On a daily basis, I receive at least one email which asks, "How much time should I give the person I am interested in to get over (insert one of the following: a divorce, the death of their spouse or partner, starting a new job or moving to a new home and/or city) before I begin to date them and get serious with them?" The answer is, it depends and is different for every person.

The four scenarios listed above are consistently rated at or near the top of the greatest challenges and stress-inducers we will face during our lifetime. Any one of these factors alone takes ample time to adjust to, however, when they are combined in any way the amount of time needed to acclimate and adapt could multiply greatly.

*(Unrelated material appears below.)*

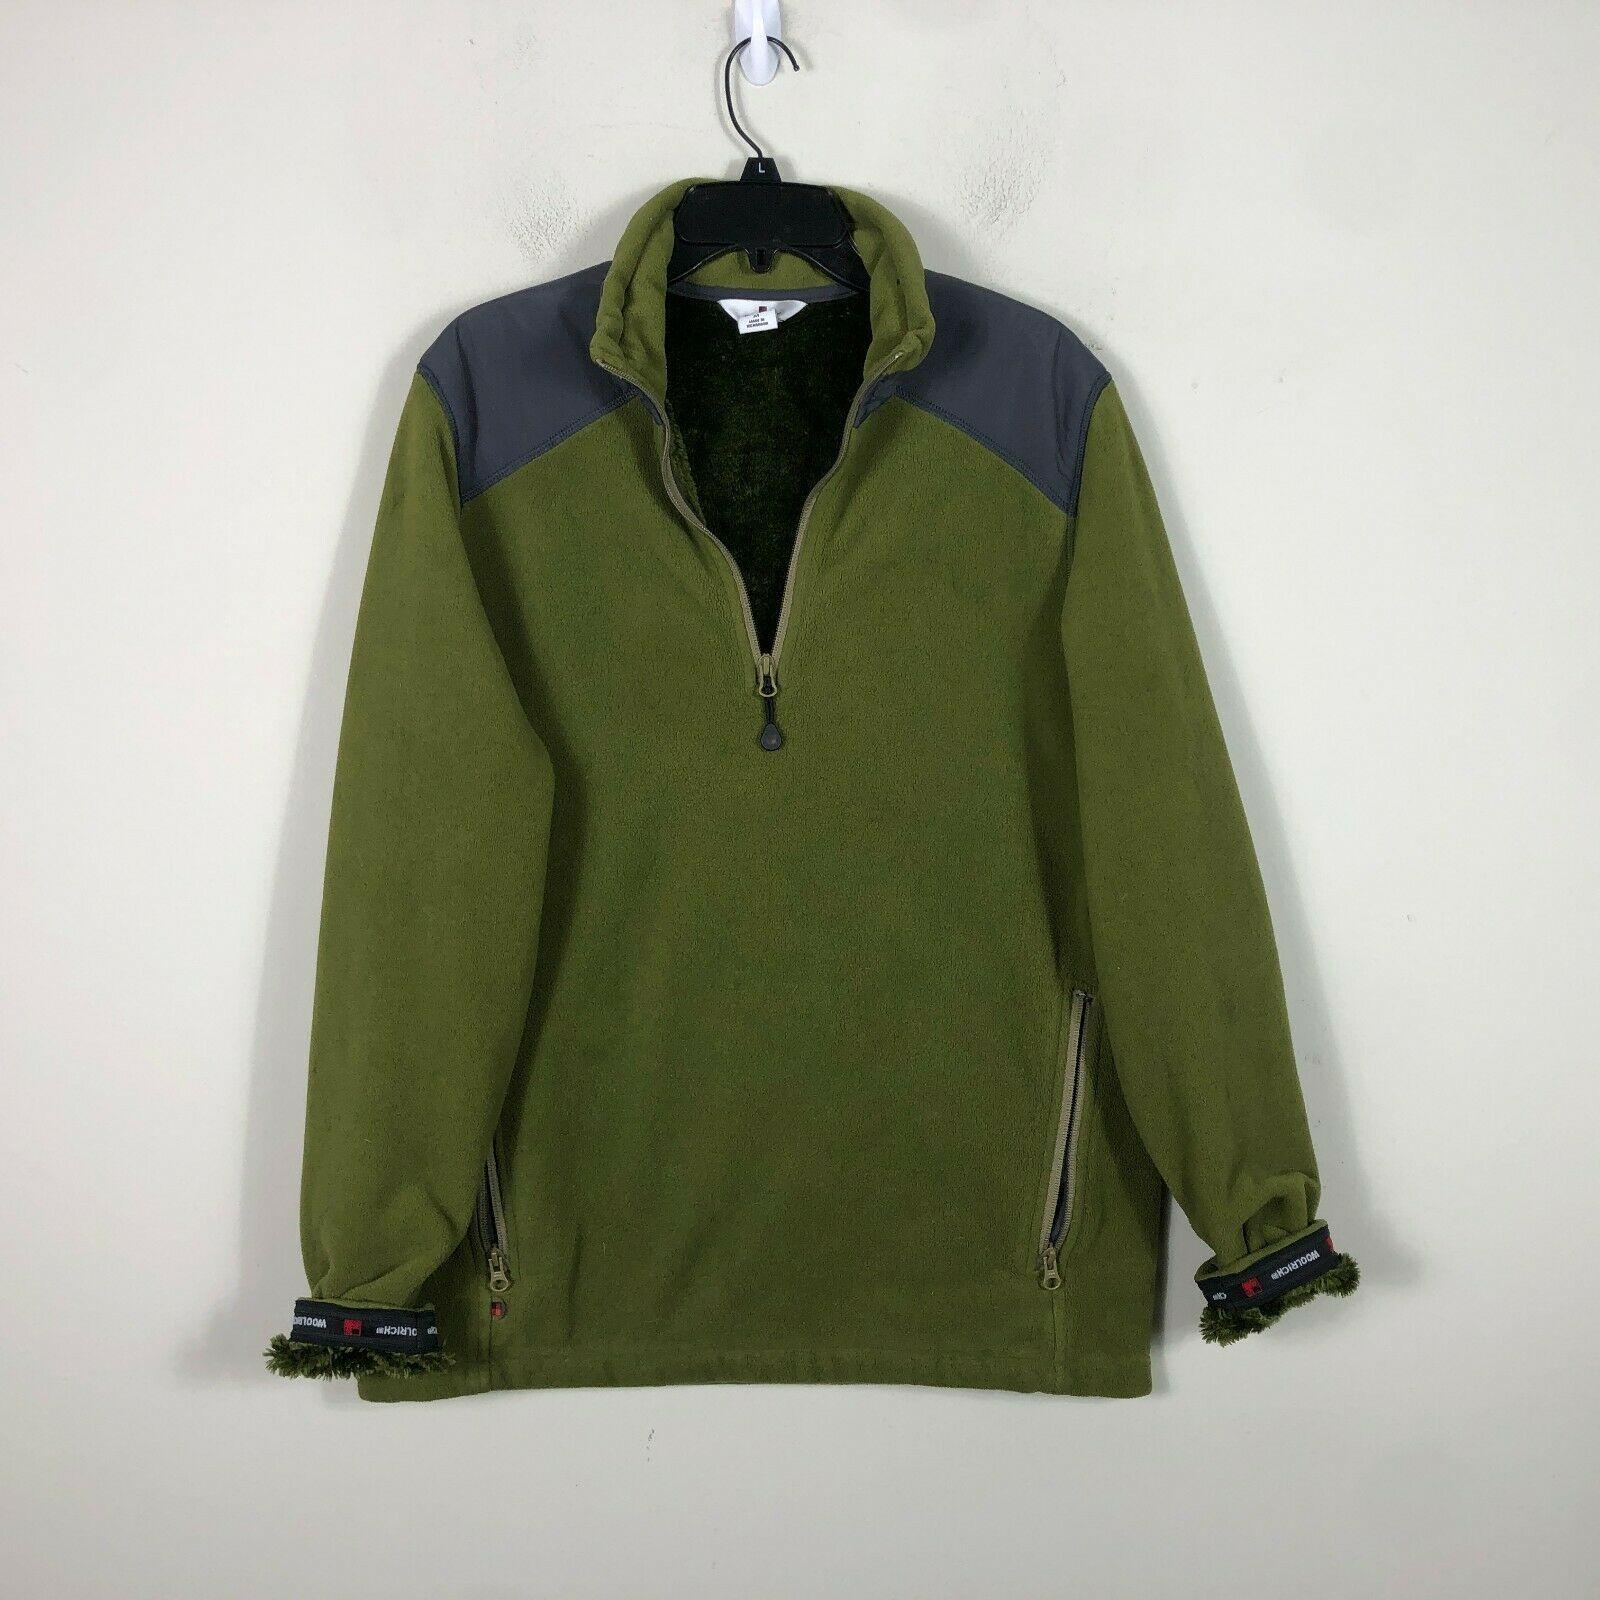 WoolRich Pile Fleece Jacket 1/2 Zip Men's M Green Long Sleeve Faux Fur Lined image 7

For instance, if you are interested in someone who has recently gone through a divorce and also accepted a new job in a new city and moved into a new residence, their attention will and should be focused on acclimating to those changes, not on a new relationship. Relationships are hard enough when both people can adequately focus on one another. When other factors figure into the equation it can be even tougher.

Here are a few suggestions to consider and ponder:

  • Give people at least 6 months to a year to BEGIN to deal with the loss of a spouse, love interest or partner. More than likely, they developed a rhythm with that person that is now broken. It may take them several months just to settle into a new lifestyle and that doesn't even take into account giving them time to grieve over their loss. Plus, there is often some guilt associated with dating someone new after losing someone you love. The heart, head, and soul need time to heal in order for a person to begin to make logical, sound, and well thought out decisions again.
  • Give someone at least 3 months to familiarize themselves with a new job, new residence or new city. Again, when these compound, add another month for each addition. For example, if they have a new job in a new city and moved into a new house, give them at least 5 months to get their bearings and develop a life movement pattern with which they are comfortable.

The bottom line is that you want a relationship with this person and you must understand that when they face major changes in life, it may take more time than you expect. Exercise patience, exhibit love and support, but if, in their eyes, you become a mother, father or caregiver, they may lose romantic interest in you. You want to be around, just not the rebound.